A solution of barium chromate is prepared by dissolving 6.3 x 10-3 g of this yellow solid in 1.00 L of hot water. Will solid barium chromate precipitate upon cooling to 25°C? Proof?
You want to compare Qsp to Ksp (at 25o C.)
Ag2CrO4(s) ==>2Ag^+ + CrO4^=
Ksp = (Ag^+)^2(CrO4^=) = ?? Look it up in your text or notes (at 25 degrees C).
6.3E-3g/molar mass Ag2CrO4 = mols Ag2CrO4 in 1. Lets call this value x molar.
2x then will be Ag^+ and x will be CrO4^=. Plug those values in and multiply them together. Don't forget to square the Ag^+. This will be Qsp See how Ksp compares with Qsp. Ksp CAN'T be exceeded; therefore, if Qsp is larger, a ppt will occur. If Qsp is smaller, no ppt.
Proof?? You can perform the experiment in the lab but be warned. Ksp calculation IS AT EQUILIBRIUM. What happens if you cool the silver chromate to 25 and no ppt occurs but one, by the calculations, SHOULD. What about the possibility of a supersaturated solution? Then what?

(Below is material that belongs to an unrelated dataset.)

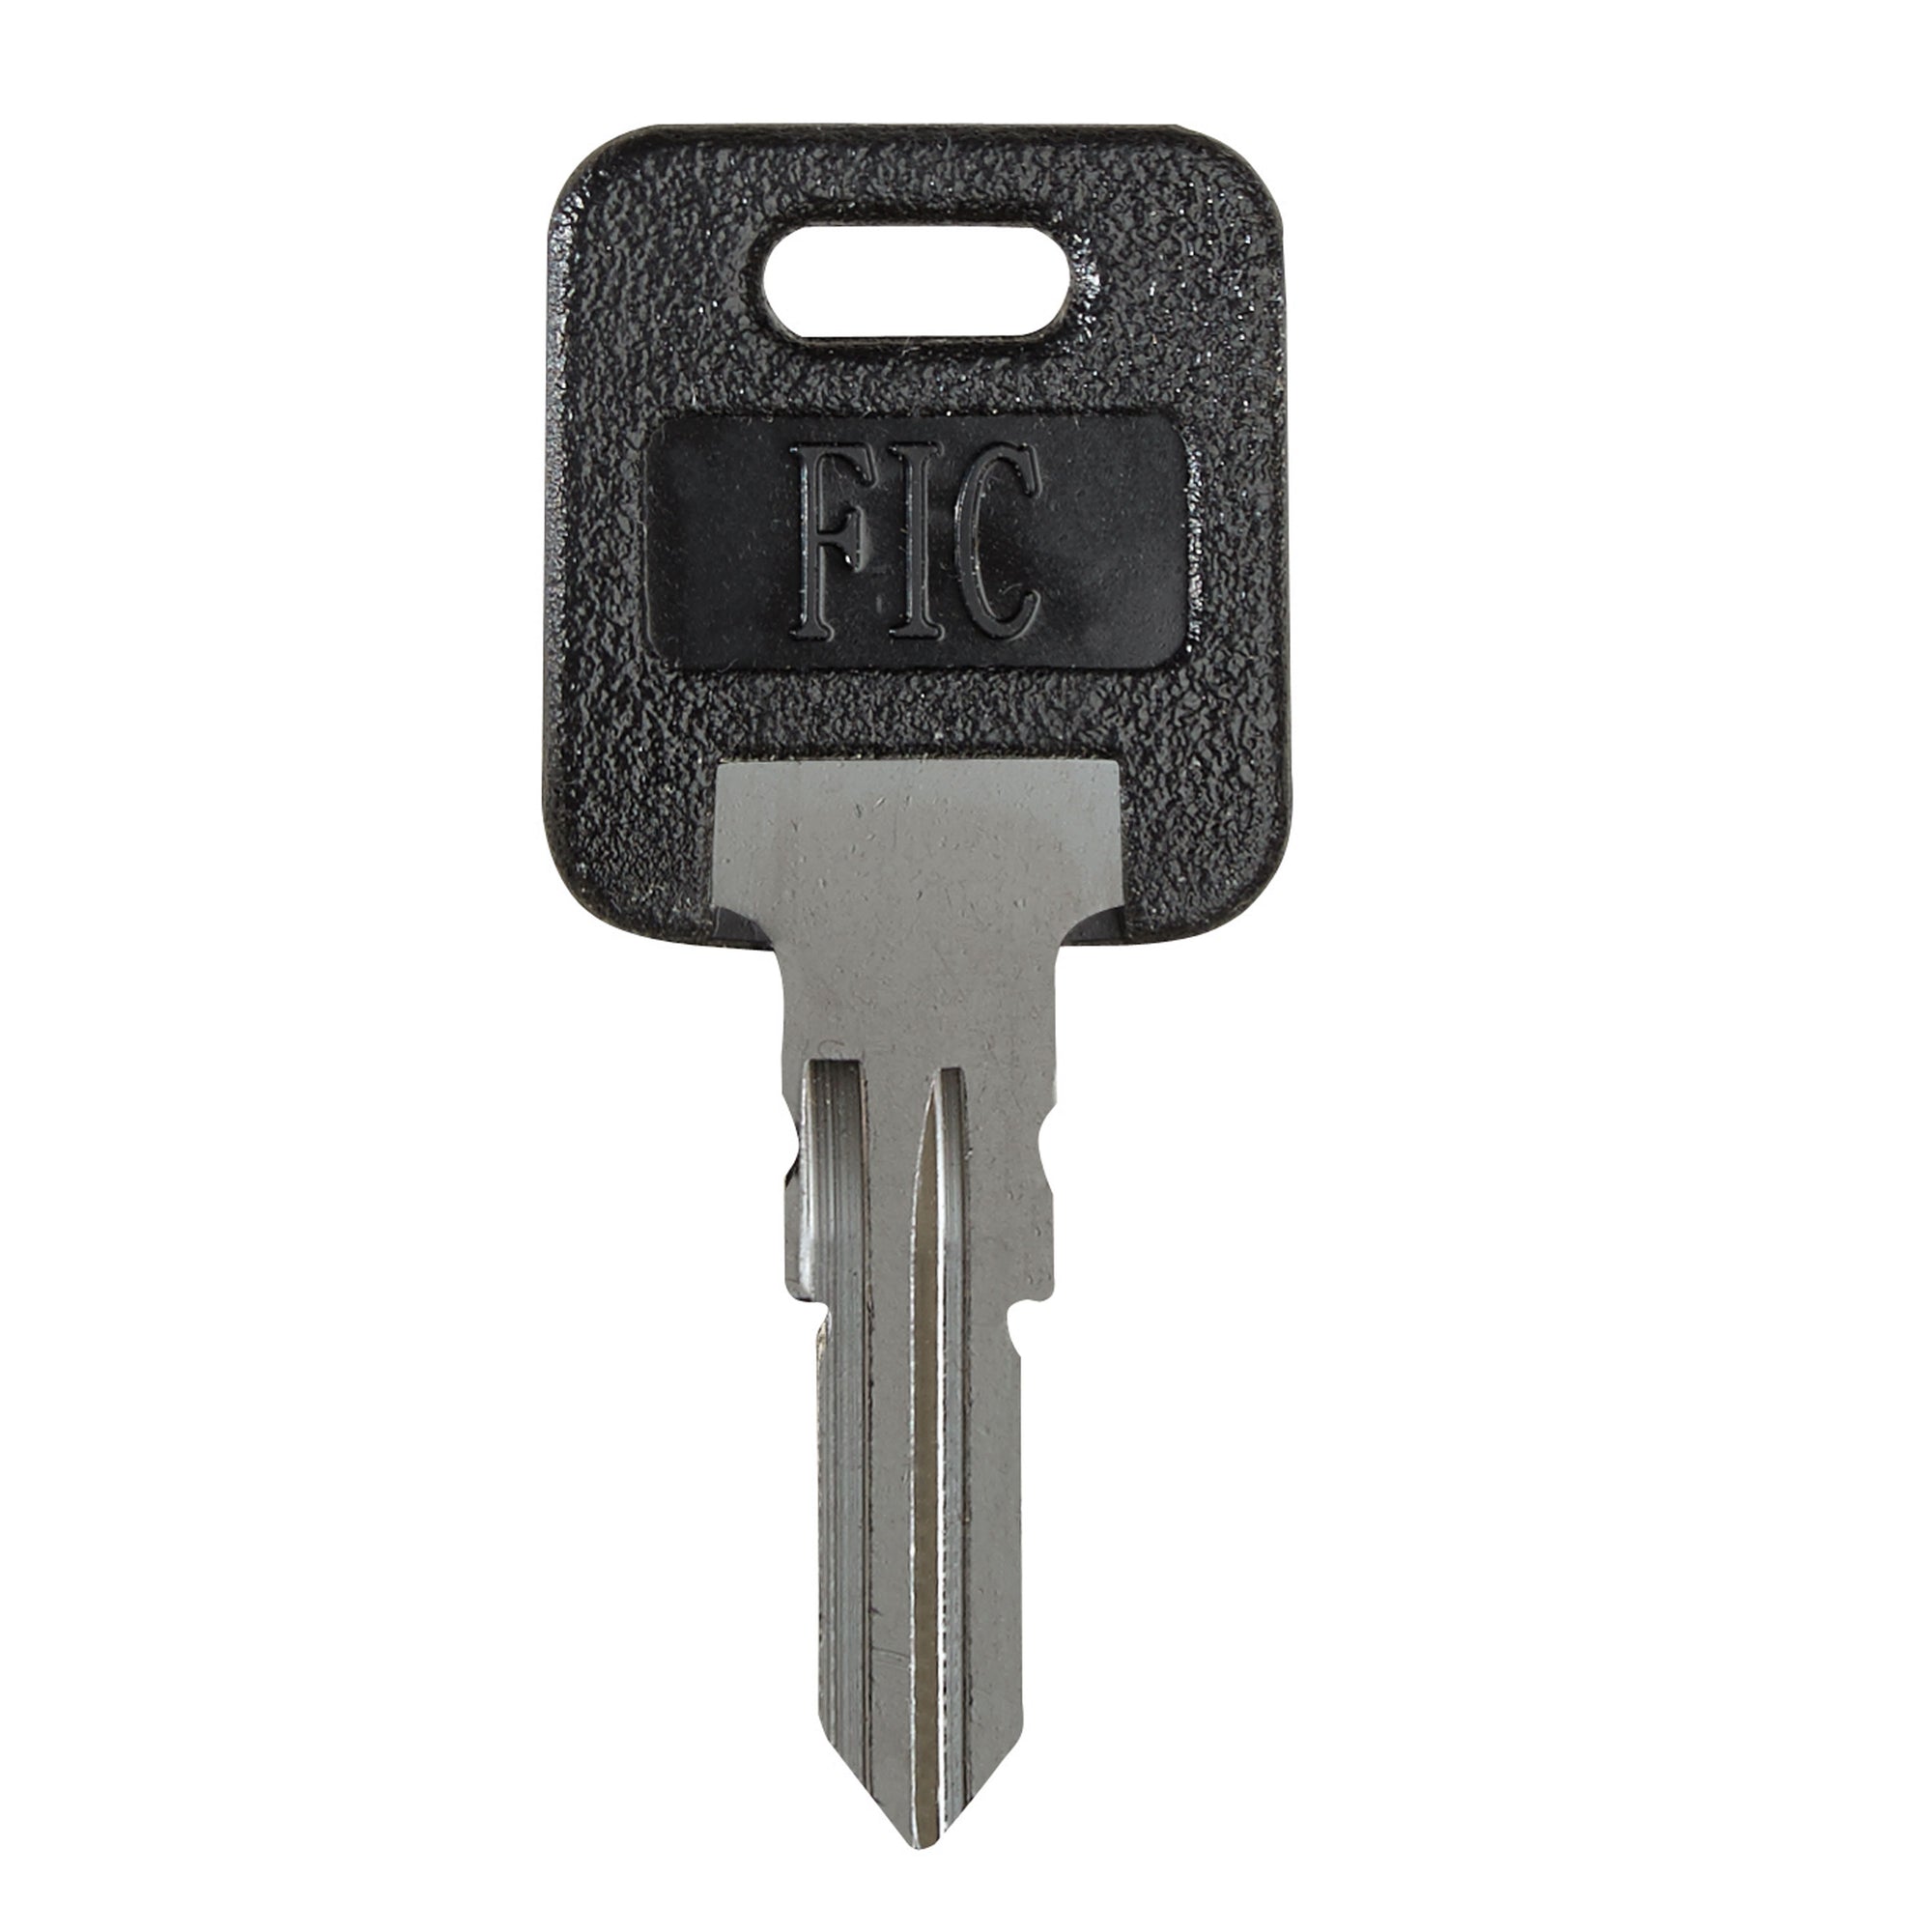 RV Designer T800 FIC Key Blank for Fastec Travel Trailer Locks
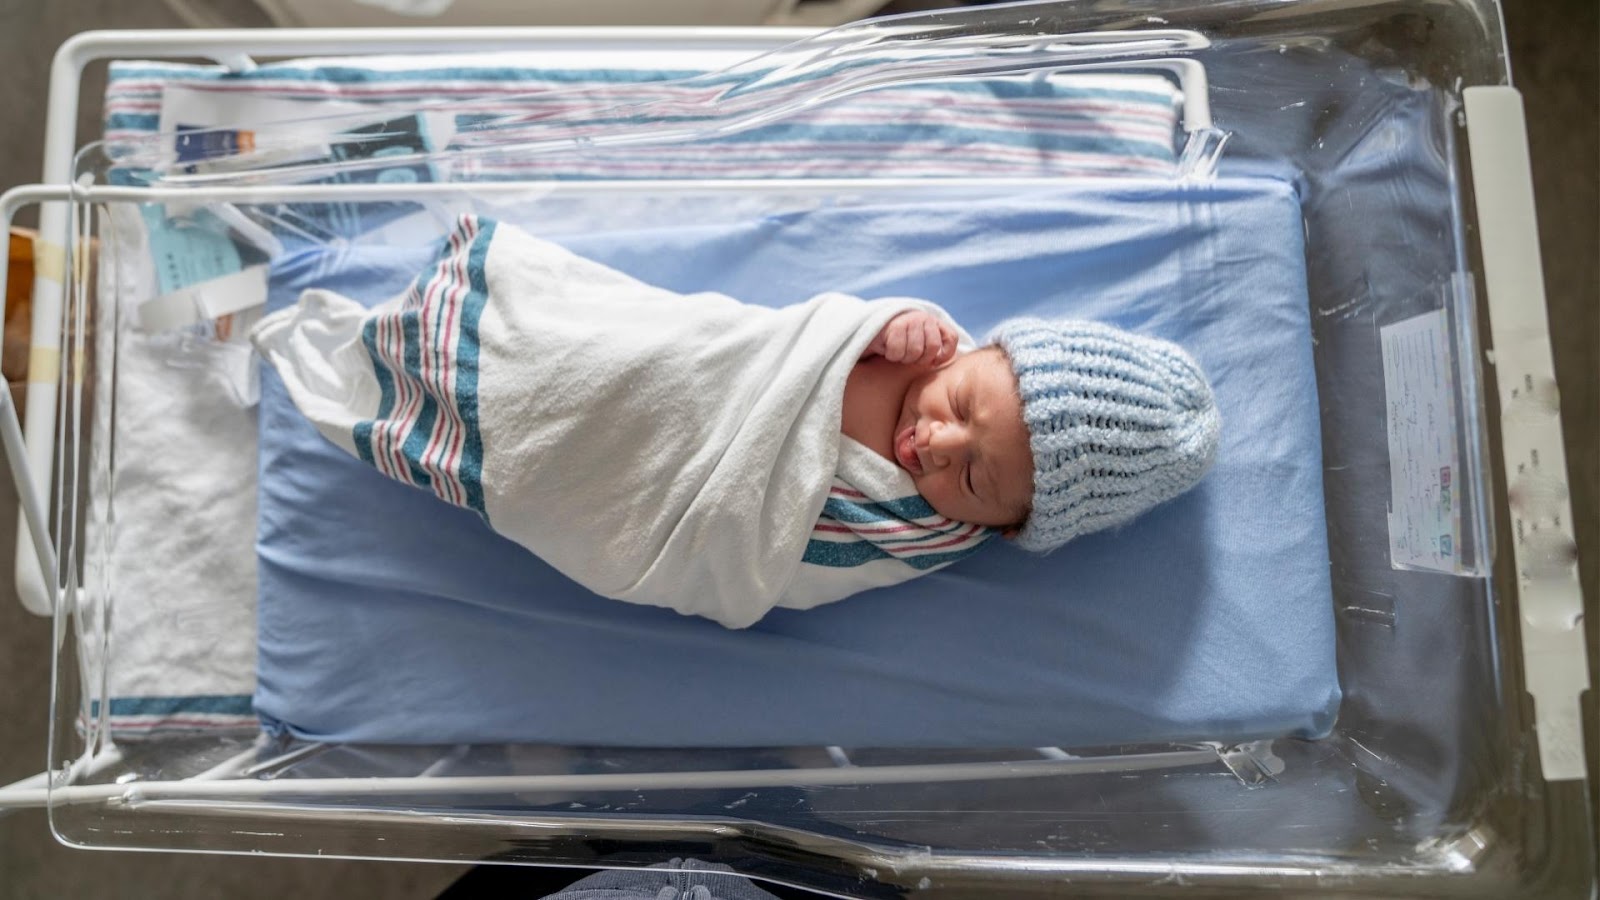 Cuidados maternos no pós-parto: algumas perguntas e repostas

To determine if solid barium chromate will precipitate upon cooling to 25°C, we need to compare the value of Qsp (the ion product) to the value of Ksp (the solubility product). If Qsp is larger than Ksp, a precipitation reaction will occur.
First, we need to find the Ksp value for barium chromate at 25°C. You can look up this value in your textbook or notes.
Next, we calculate the number of moles of barium chromate in the given solution. Divide the mass of the solid (6.3 x 10-3 g) by the molar mass of barium chromate to obtain the number of moles of barium chromate dissolved in 1 L of water. Let's call this value "x" moles.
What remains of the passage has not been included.